Note: This article is hosted here for archival purposes only. It does not necessarily represent the values of the Iron Warrior or Waterloo Engineering Society in the present day.

I met Eric Migicovsky from the SYDE ’09 class on a sunny afternoon in Allerta’s office.  It’s on a quaint street just off Columbia Street.  From street-view, one has no idea it’s actually housing a high-tech brewery.  Eric has a jovial and relaxed attitude than can only be described as “the self-employment glow”.  Having recently worked as an office bottom-feeder at a certain fruit company of large networth, I can only envy how much he enjoys being at work.

In this family style dwelling, Eric and three other like-minded and creative individuals are creating a “smartwatch” to be coupled with BlackBerrys.  It created quite the stir when featured on Crackberry last year, and plenty of BlackBerry owners all round the world have expressed interest.

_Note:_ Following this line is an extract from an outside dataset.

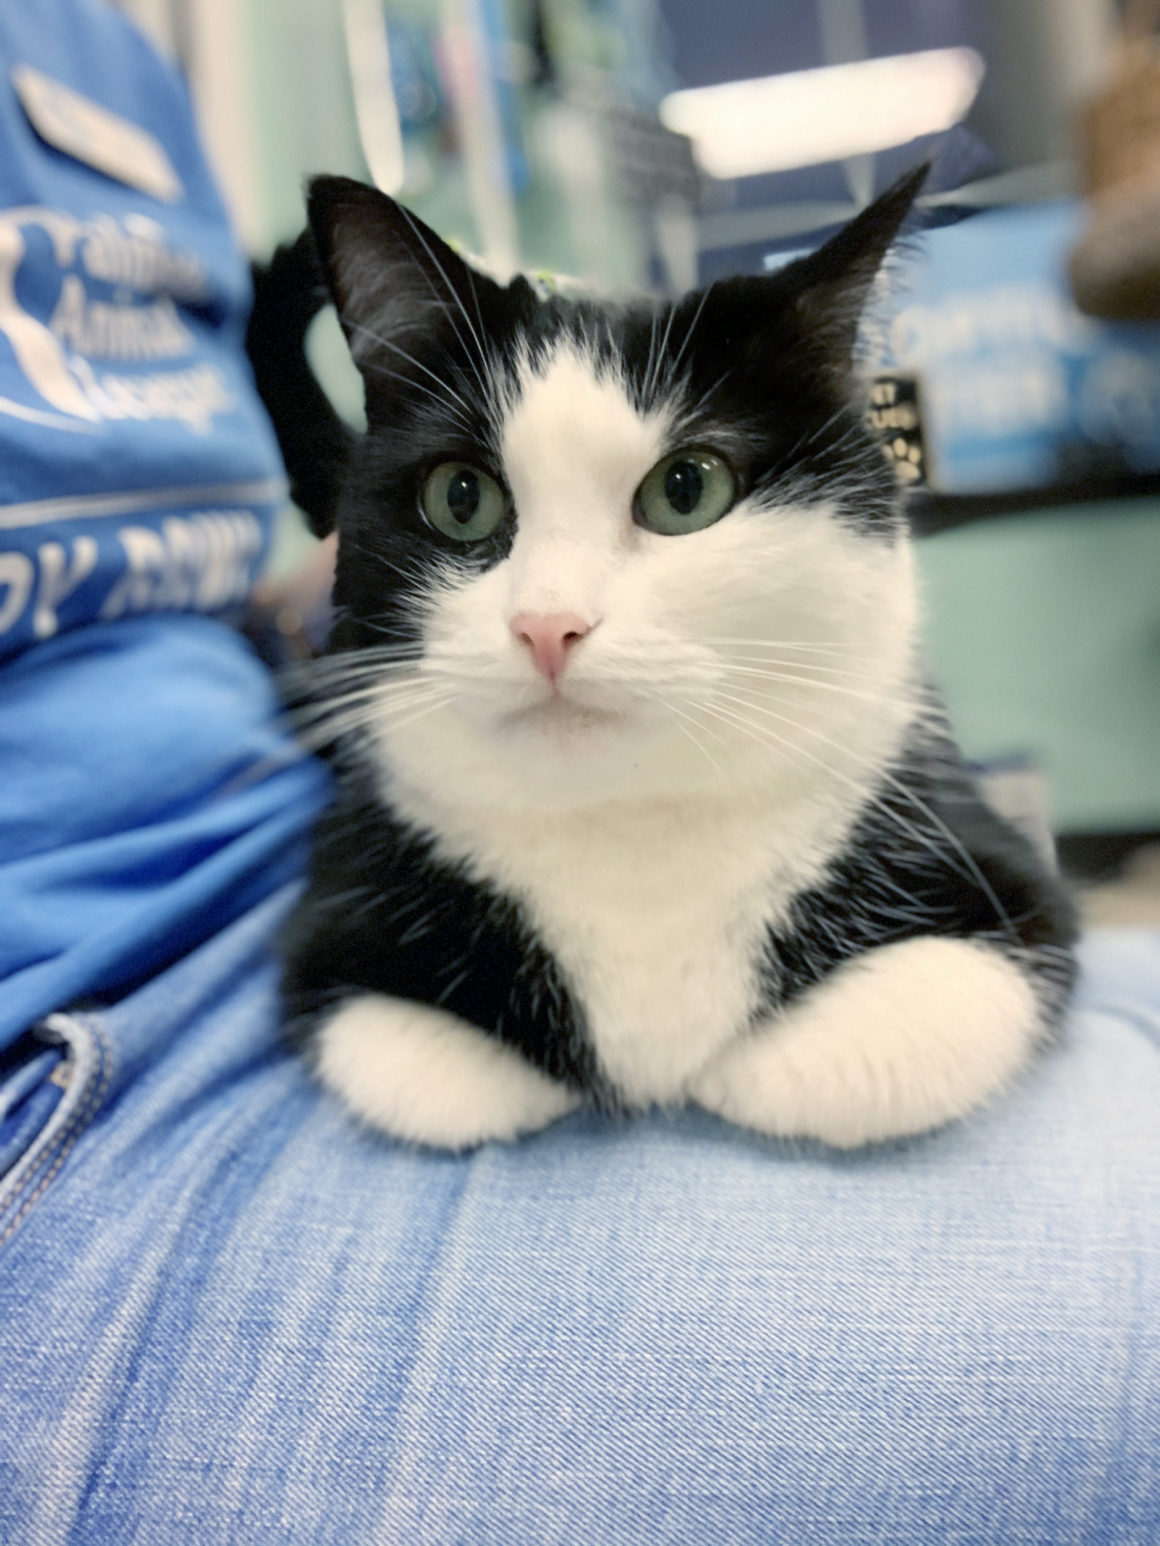 Cat longs to be adopted after 1,557 days at a local shelter

Check out getinpulse.com to read more about the watch.

Eric was first inspired to create such a device while biking in the Netherlands two years ago, where he was an exchange student.  Reaching for one’s cellphone while biking on the riverbank is not without risk, but an important call might just warrant a stop.  A miniature caller-ID display on one’s wrist seems like the perfect solution, thus the InPulse was born.

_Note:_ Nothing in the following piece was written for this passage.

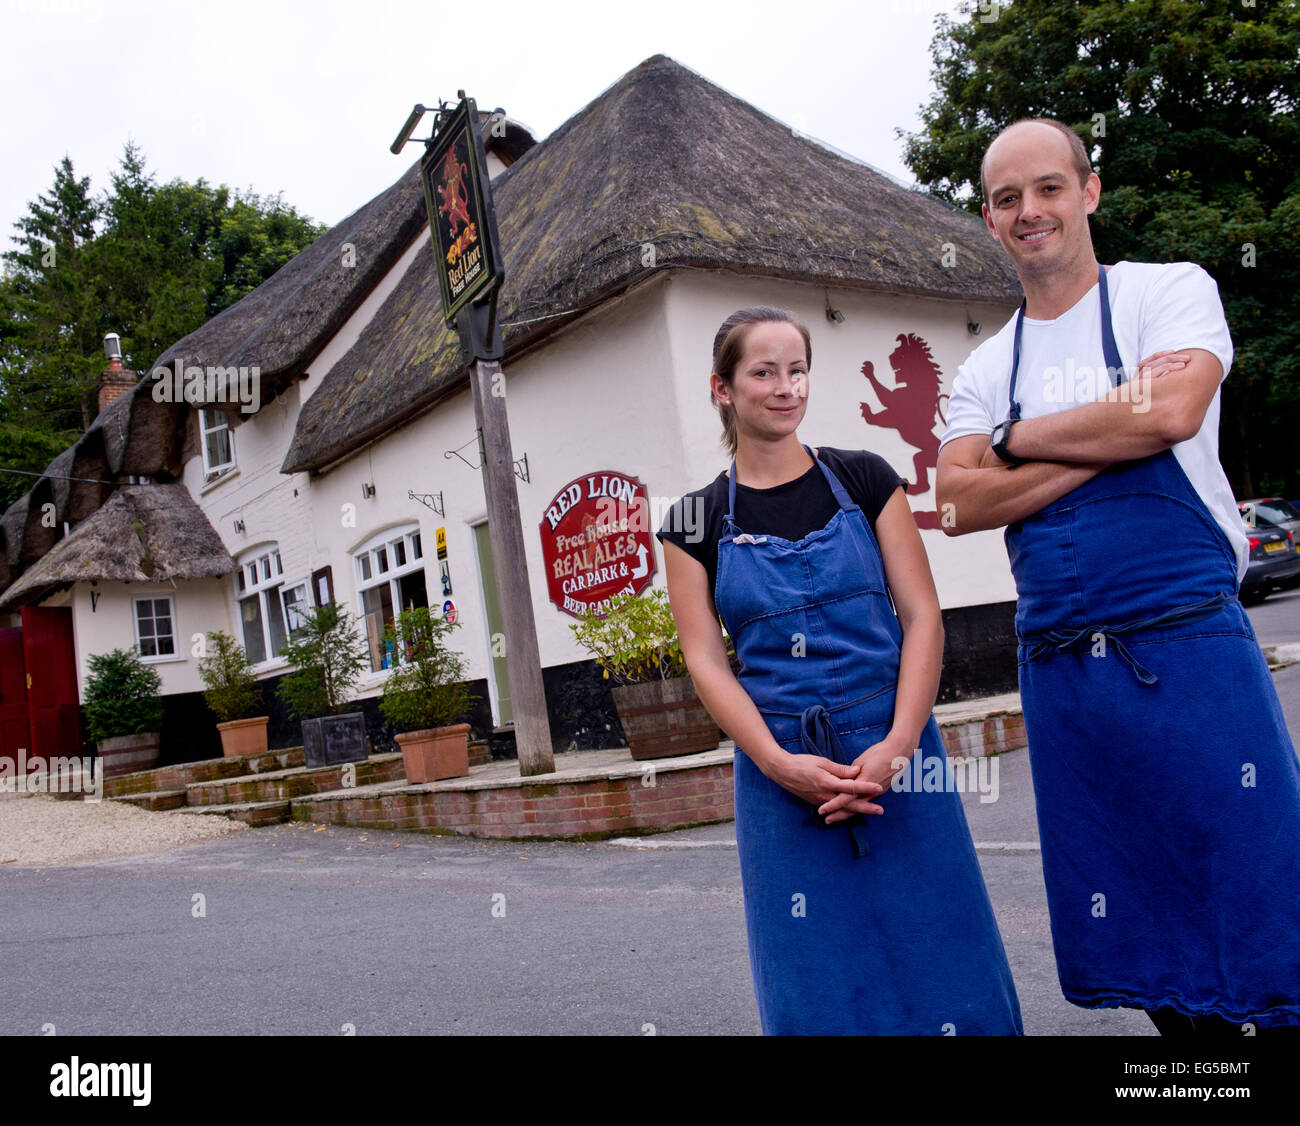 The acclaimed Michelin starred Red Lion Freehouse, East Chisenbury, Pewsey, Wiltshire, SN9 6AQ   Images feature the owners chef Guy Manning and wife Brittany 'Britt' Stock Photo

Eric’s idea was put into motion when he joined Velocity’s inaugural class in 2008.  “Velocity taught me how to talk to people, how to network,” he reflects.  He was never shy about sharing his idea and the feedback he got really pushed him to bring this idea to fruition.  Also through Velocity, he presented his idea at the Impact Conference and other similar entrepreneurial conventions.  The business case prize he won through going to these conferences are partly funding InPulse’s development.

Velocity brings in venture capitalists frequently to chat with the residents.  Naturally, I assumed that Eric’s project is backed by a VC he connected with at Velocity.  However, I was told that 90% of start-ups in Canada are not backed by venture capital.  It’s definitely not the only way–Allerta received funding from the Ontario Centre of Excellence and other organizations that support entrepreneurship.  A quick Google search on my part turns up plenty of programs that provide grants, loans, support, and mentorship for young entrepreneurs (young = under 30).

In all possible ways, Allerta seems to be on a great track to become a successful business.  By the time this issue reaches your hands, Eric should be eagerly awaiting or already unboxing the batch of electronics from China that will allow a thousand prototypes to be assembled.  I couldn’t get a release date out of Eric, but my trip has confirmed the Blackberry watch’s existence.  I saw 3 fully assembled prototypes and got to try the demo UI.  The watch body is a solid piece of machined aluminum (please refrain from making Apple connections here), and feels a lot lighter in your hand than it looks in the picture.

Advice from Eric Migicovsky to our readers who aspire to be entrepreneurs: Just do it.  Serious entrepreneurship takes a great deal of devotion, so for those of you who want to create a product and flourish in the market, get to it before you start losing hair and have babies to feed!